_Activity_
Return only the lines of the data below from the line with "A knitted sweater" up to and including the line with "A pool of crystal", exactly as written, with the pictures omitted.

_Input records_
__________________________________________________

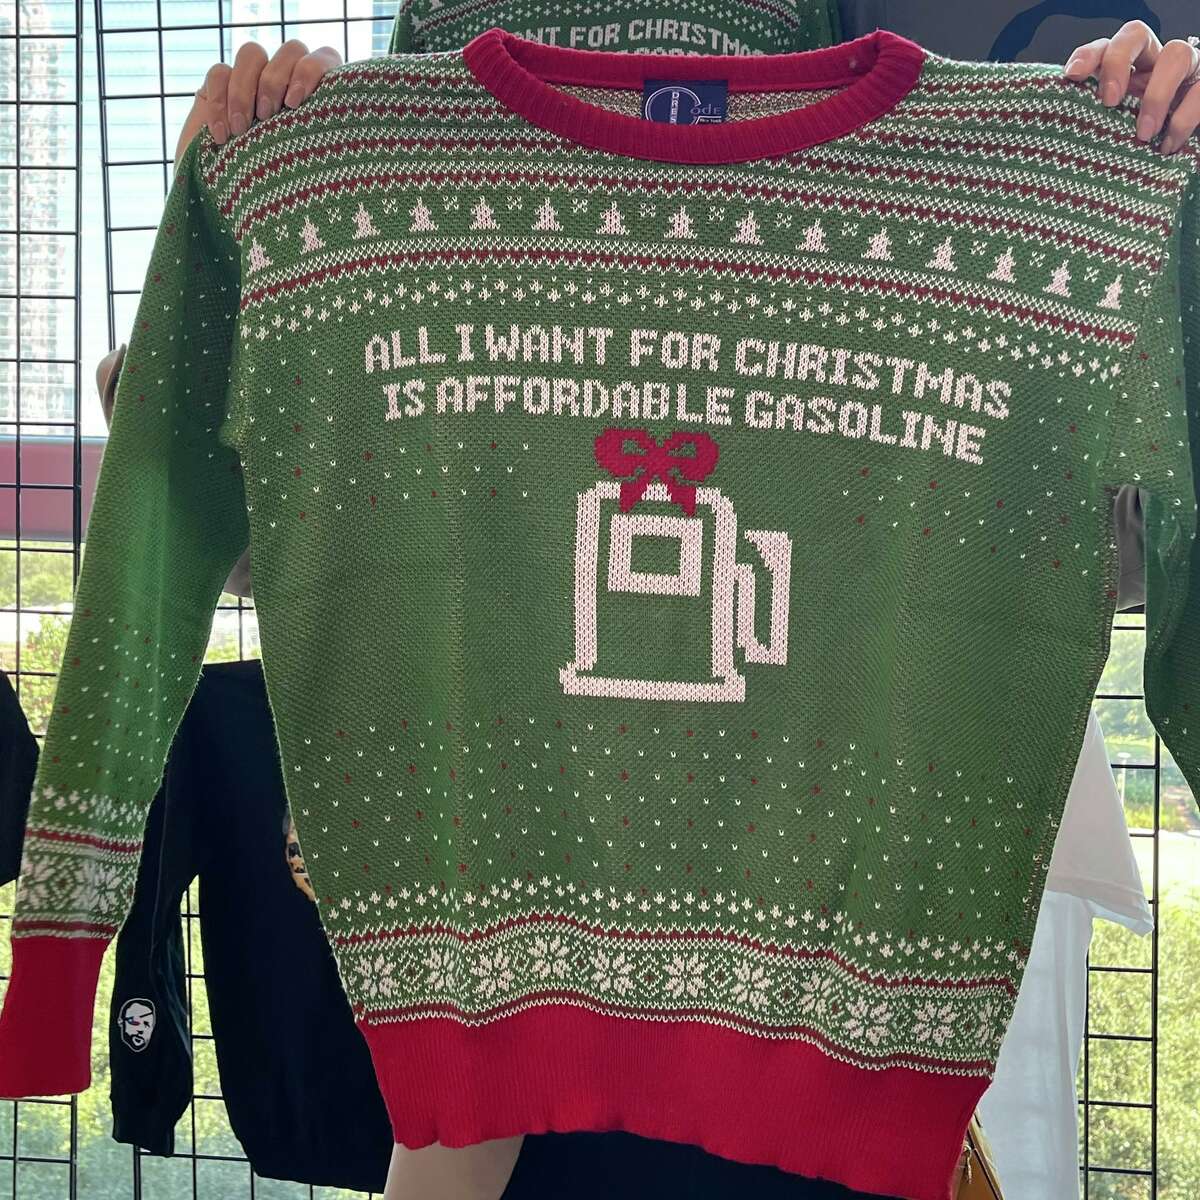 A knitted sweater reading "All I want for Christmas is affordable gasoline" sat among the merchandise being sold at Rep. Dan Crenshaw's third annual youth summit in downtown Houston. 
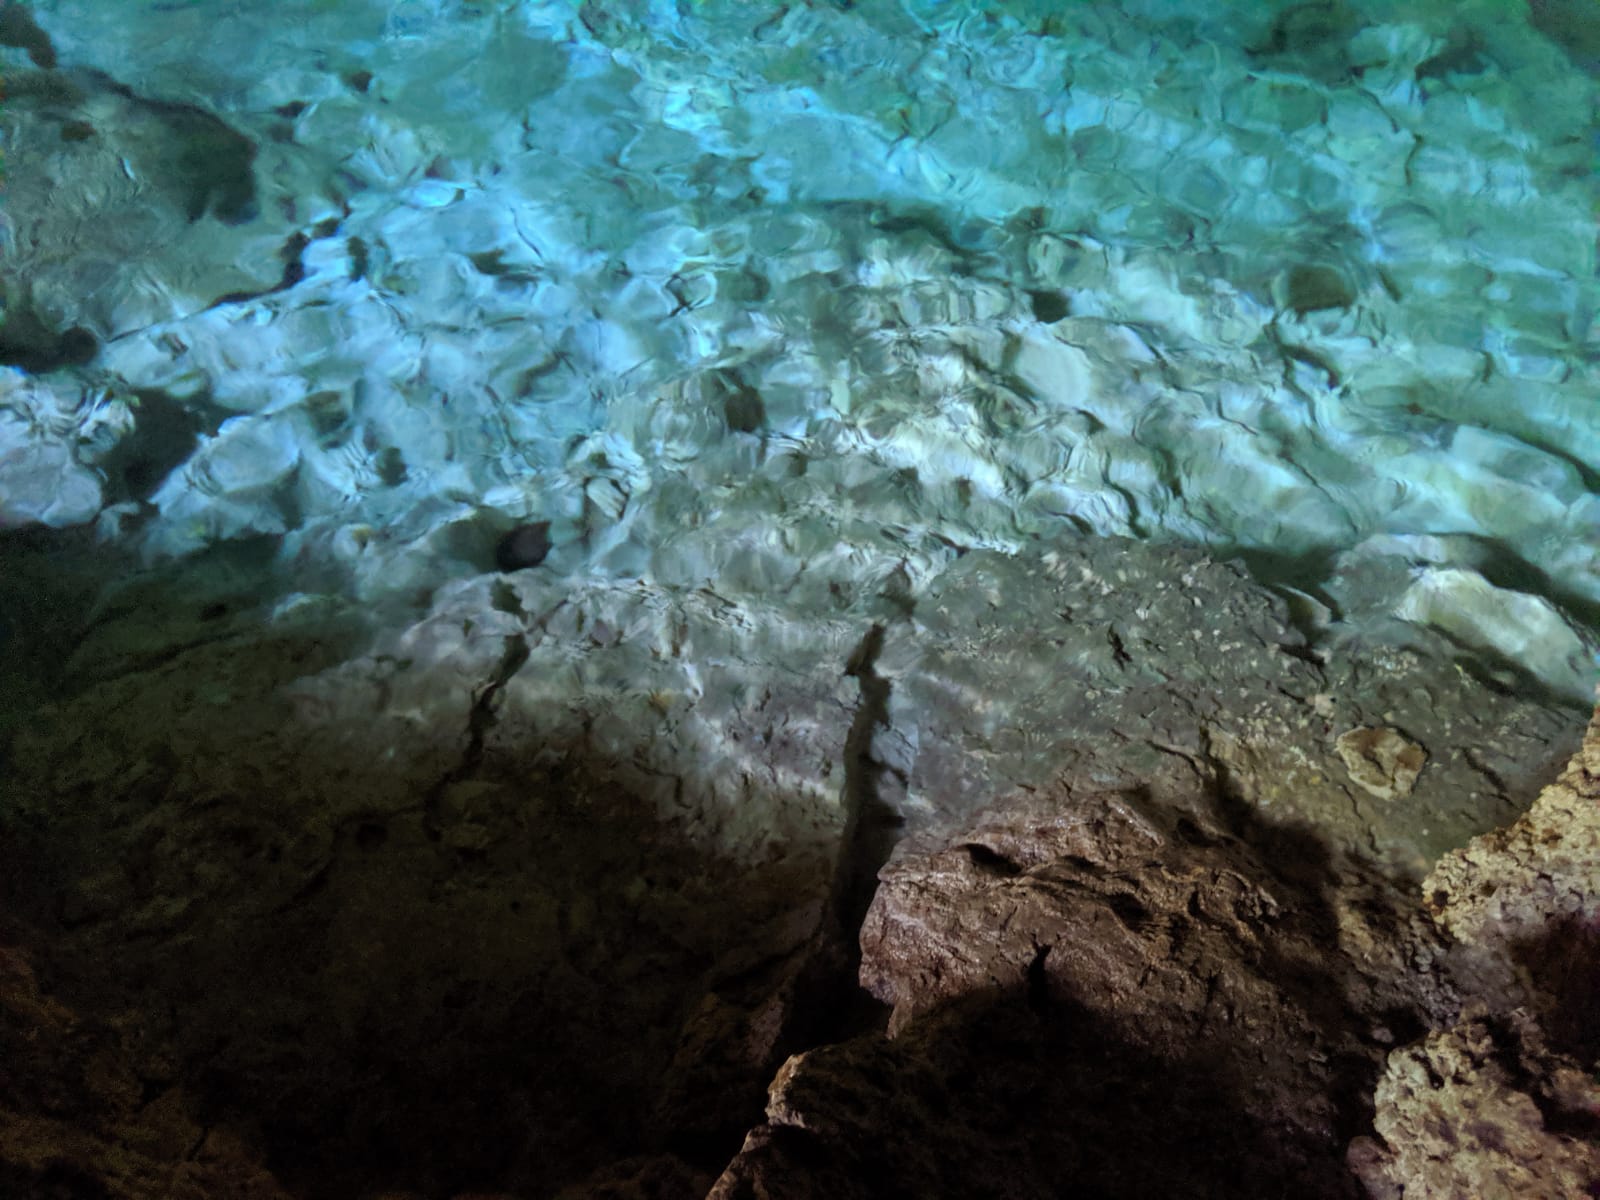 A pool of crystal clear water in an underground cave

__________________________________________________

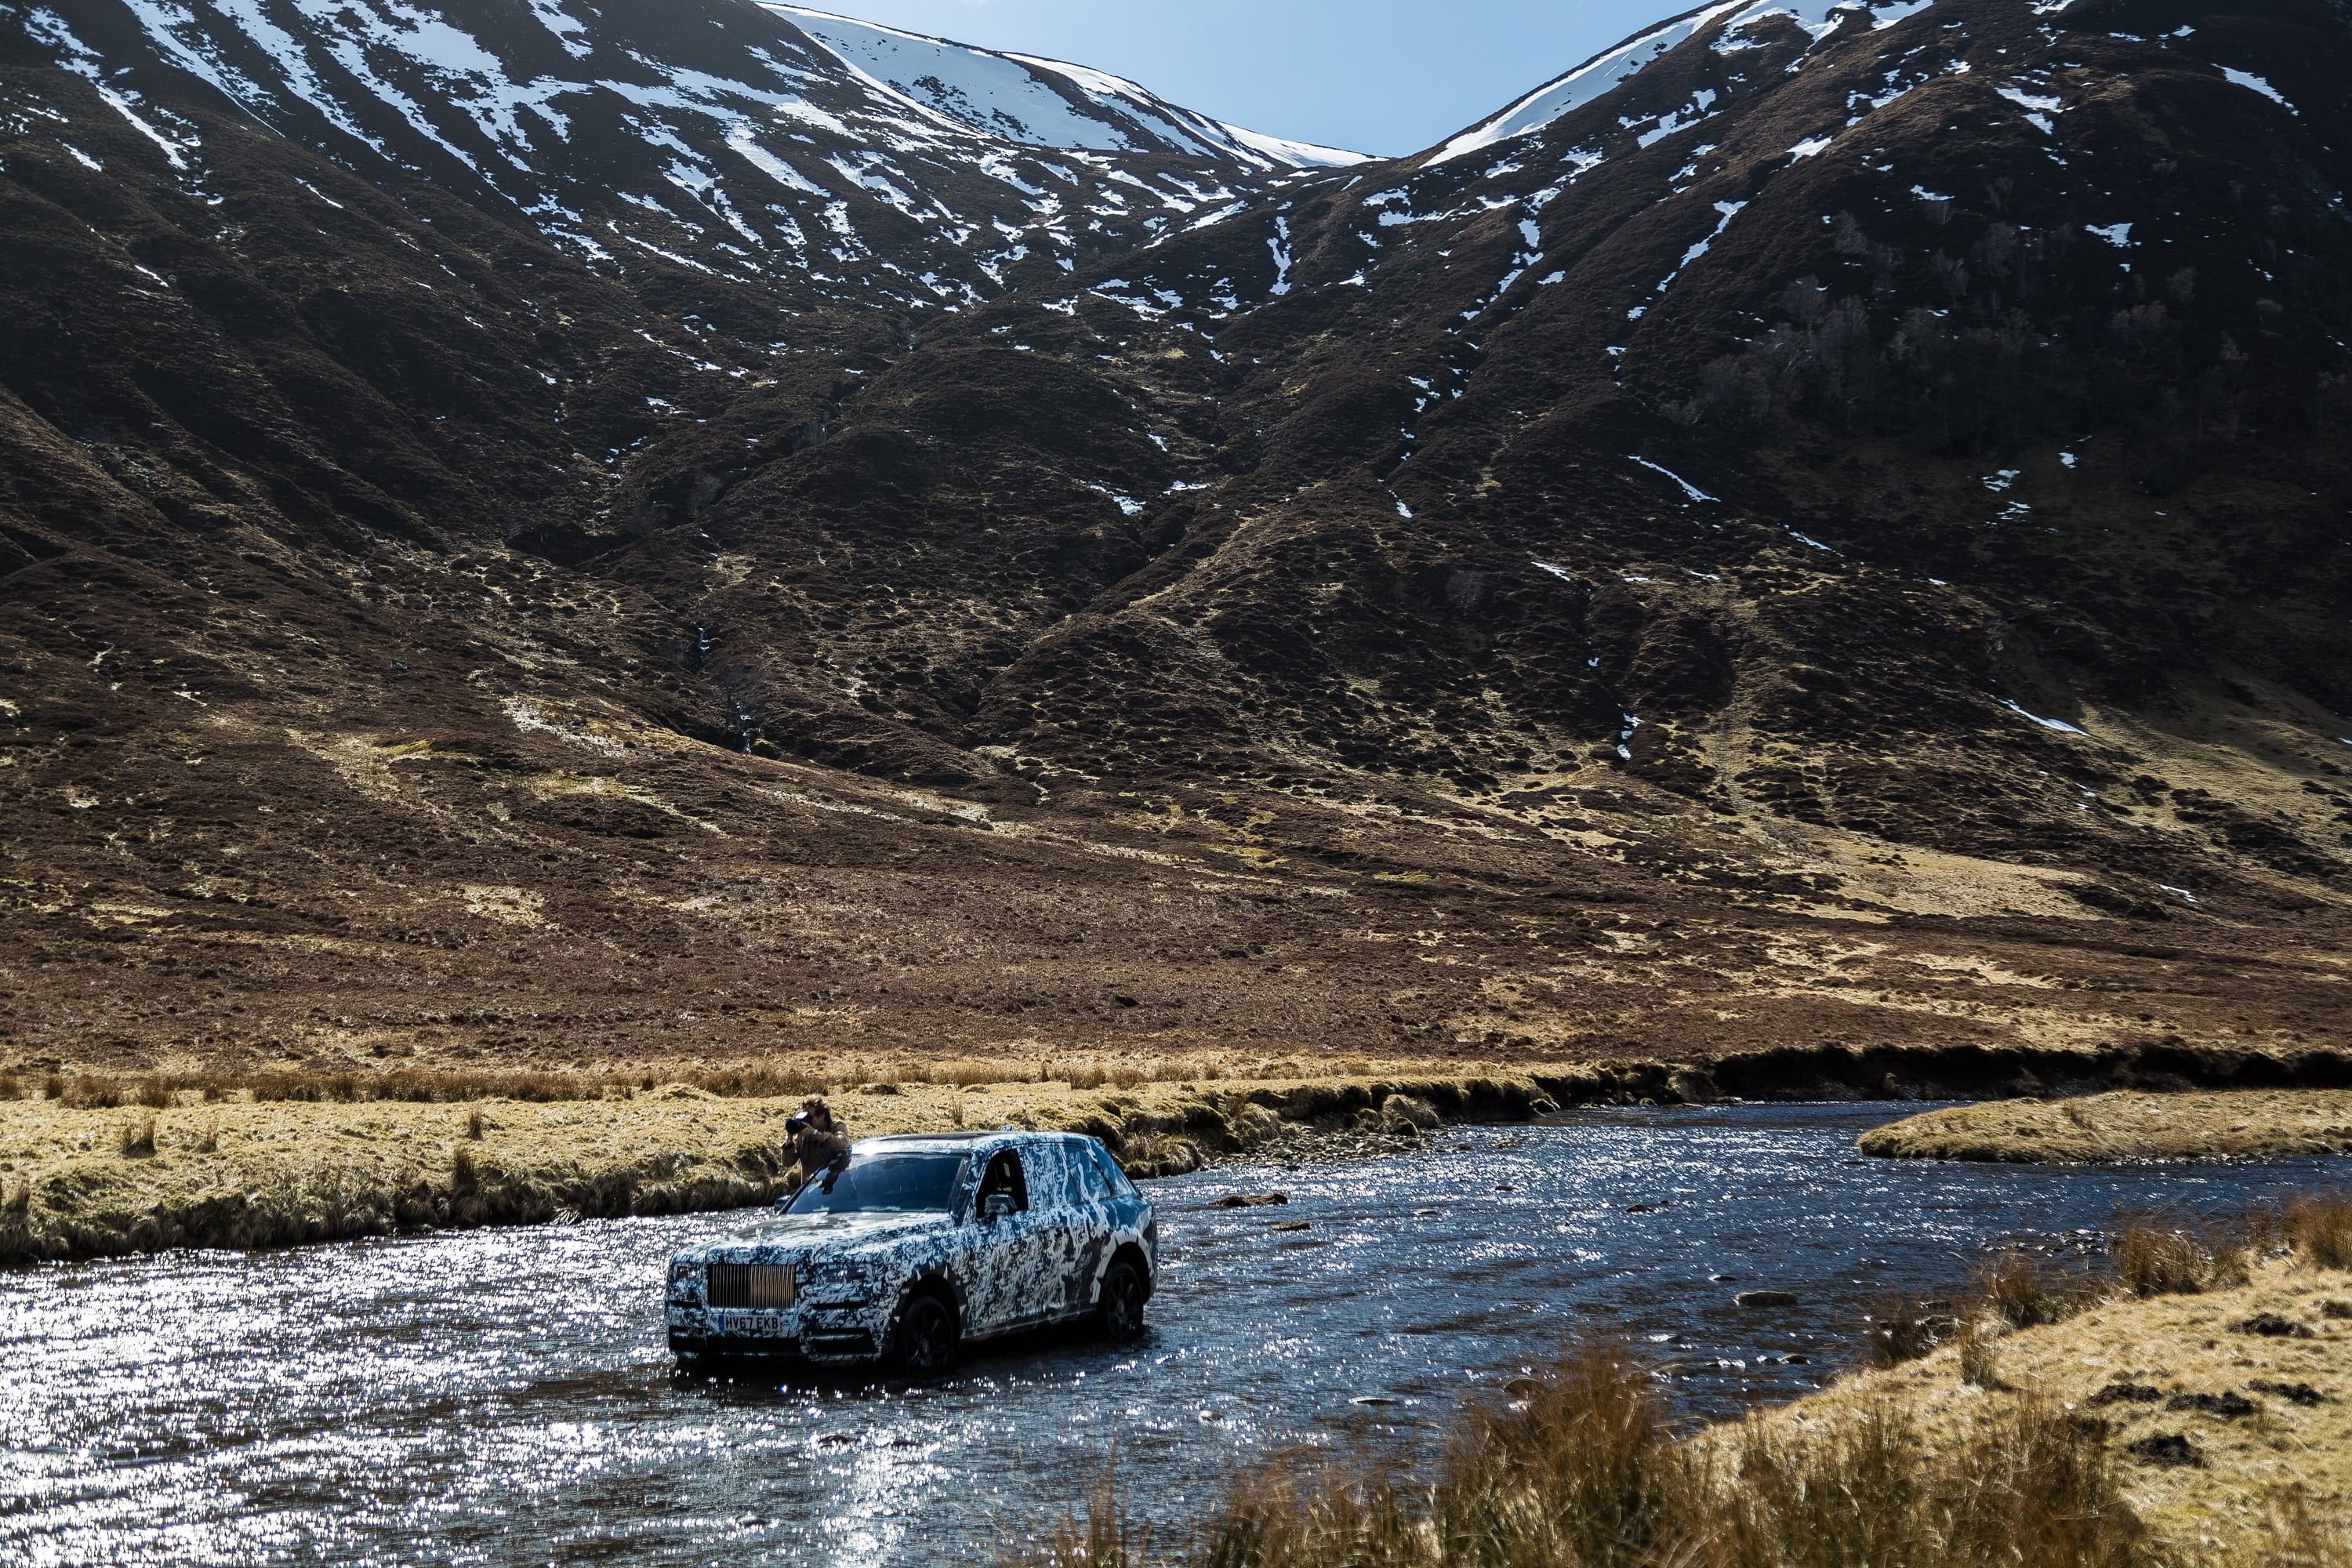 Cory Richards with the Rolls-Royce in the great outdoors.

__________________________________________________

_Solution for this exercise_
 A knitted sweater reading "All I want for Christmas is affordable gasoline" sat among the merchandise being sold at Rep. Dan Crenshaw's third annual youth summit in downtown Houston. 
 A pool of crystal clear water in an underground cave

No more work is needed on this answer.